## Work instruction
The entries that follow must be written out exactly, without any of the pictures they contain.

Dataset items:
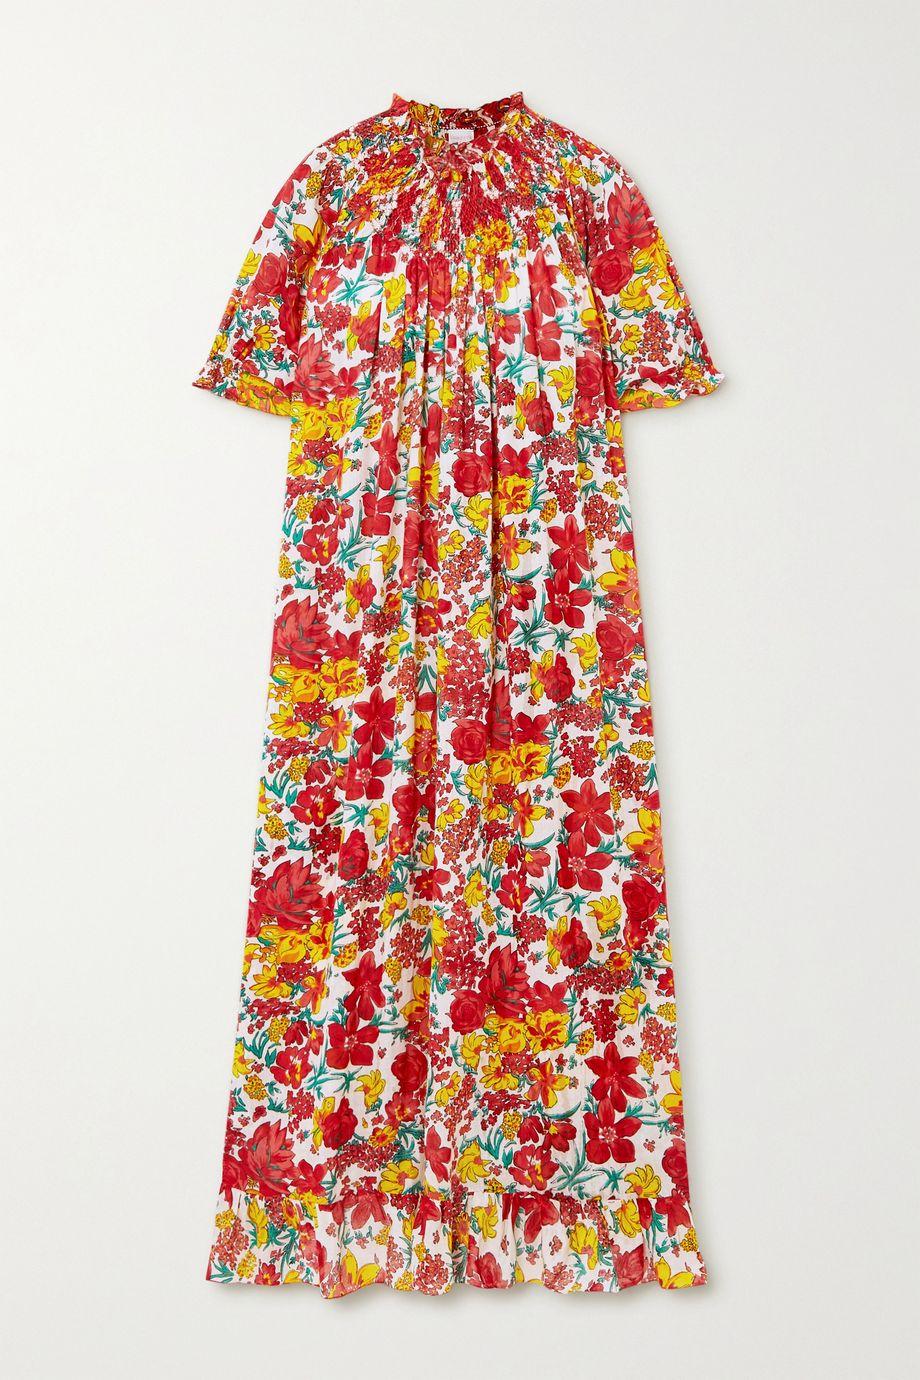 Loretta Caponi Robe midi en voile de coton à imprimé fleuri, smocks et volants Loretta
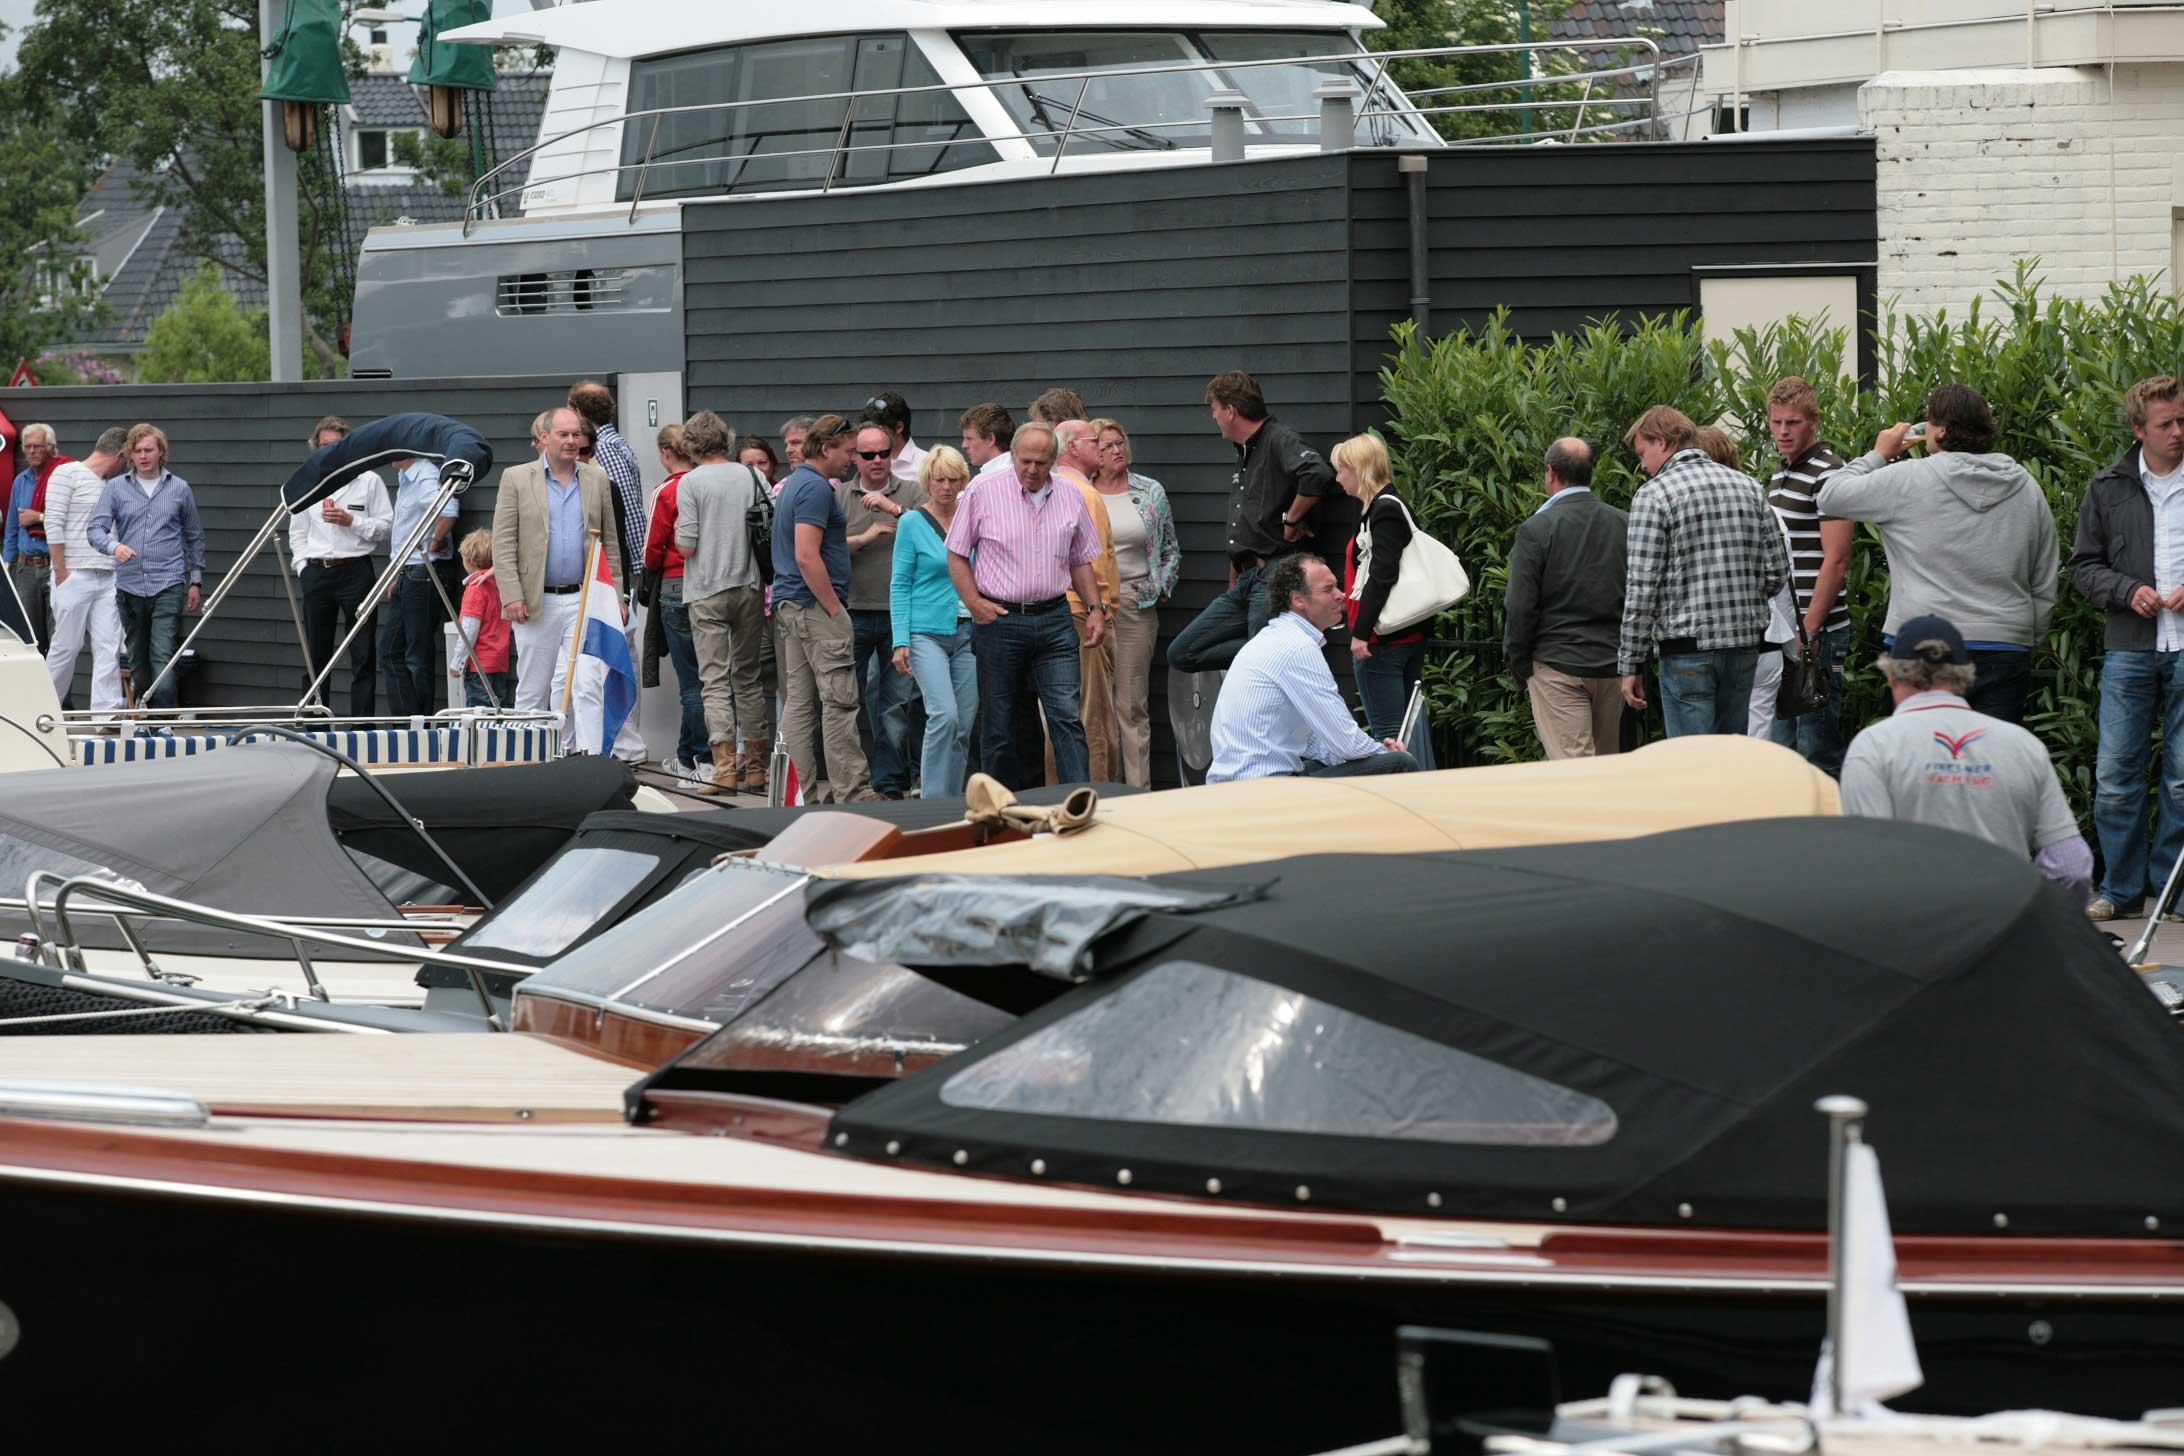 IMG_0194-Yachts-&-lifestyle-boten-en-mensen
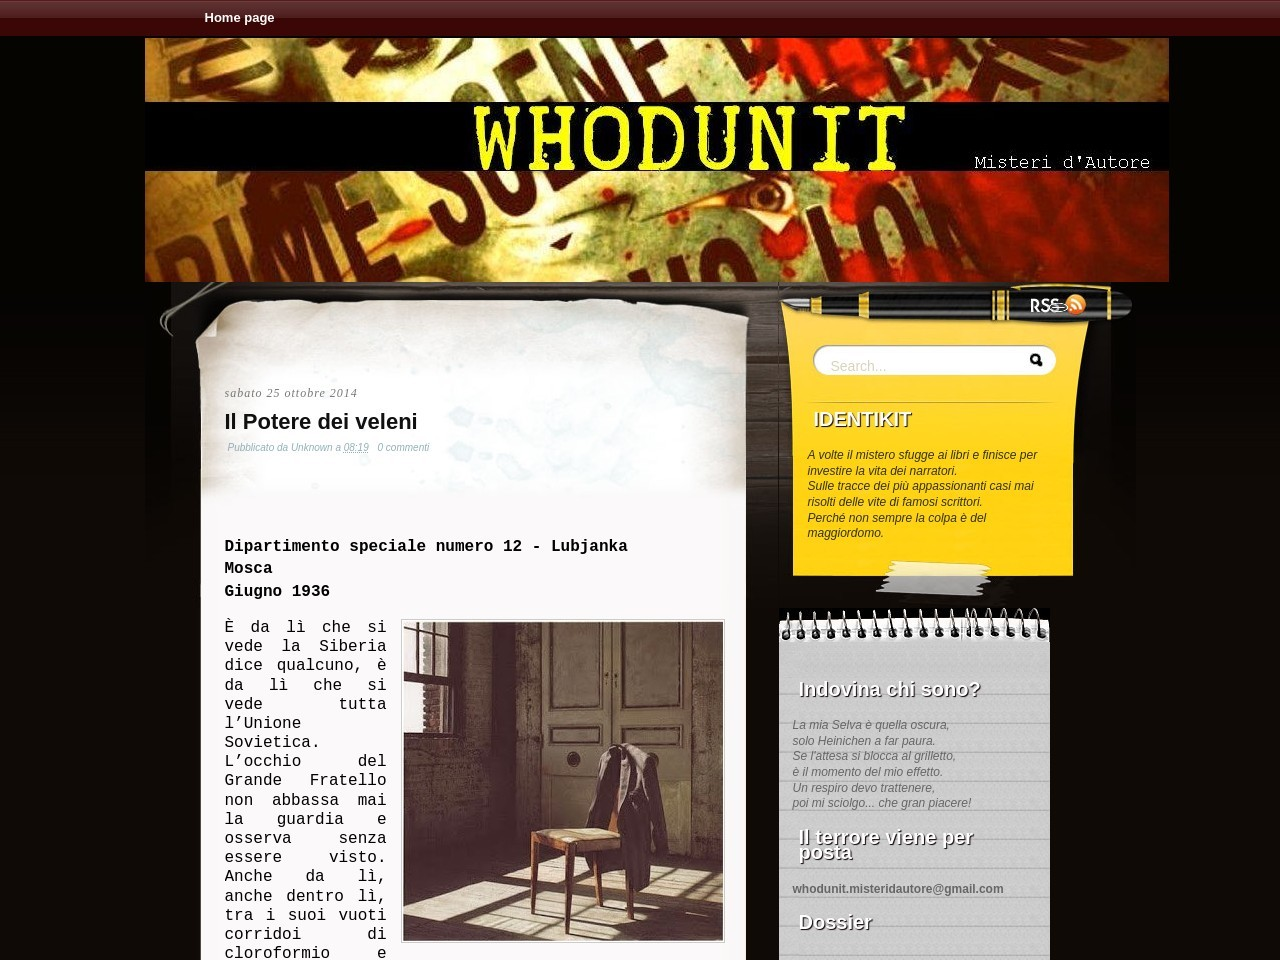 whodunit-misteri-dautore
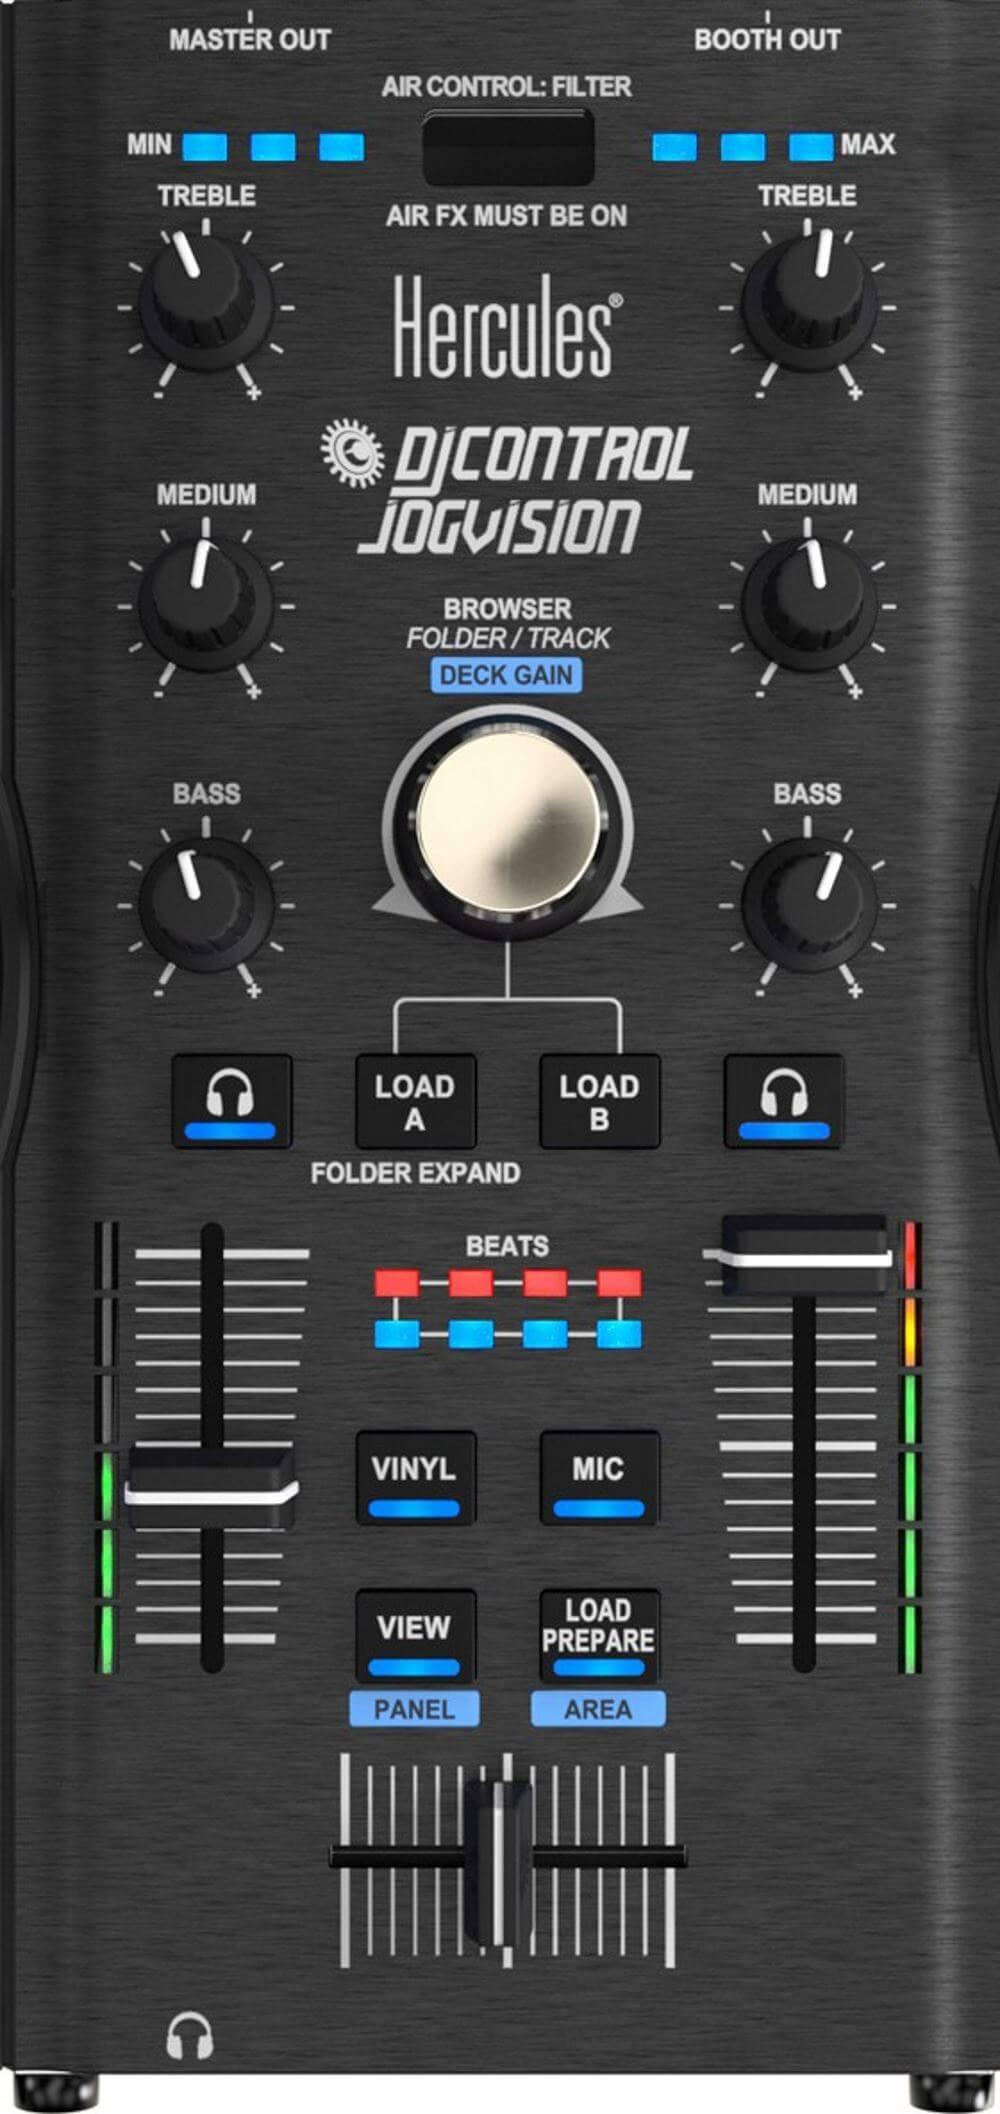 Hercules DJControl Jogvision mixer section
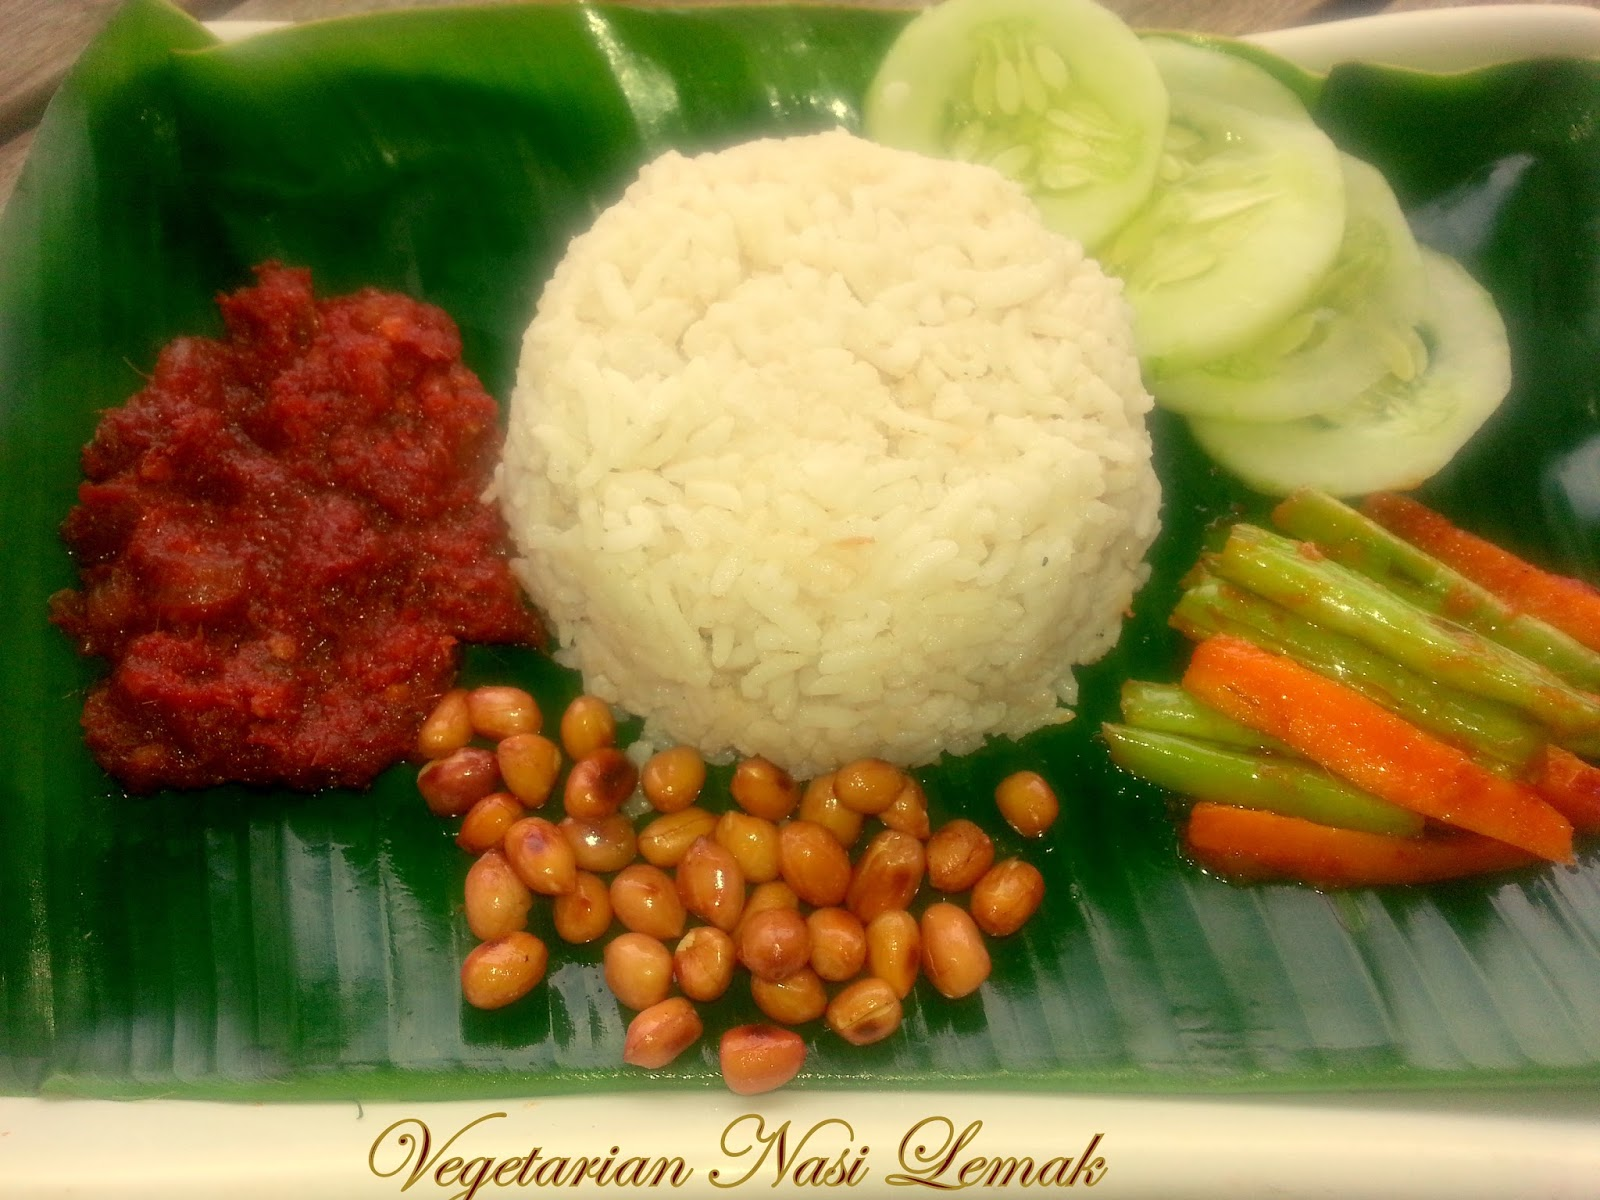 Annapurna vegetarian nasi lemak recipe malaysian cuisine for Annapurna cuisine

## Response area
 Loretta Caponi Robe midi en voile de coton à imprimé fleuri, smocks et volants Loretta
 IMG_0194-Yachts-&-lifestyle-boten-en-mensen
 whodunit-misteri-dautore
 Hercules DJControl Jogvision mixer section
 Annapurna vegetarian nasi lemak recipe malaysian cuisine for Annapurna cuisine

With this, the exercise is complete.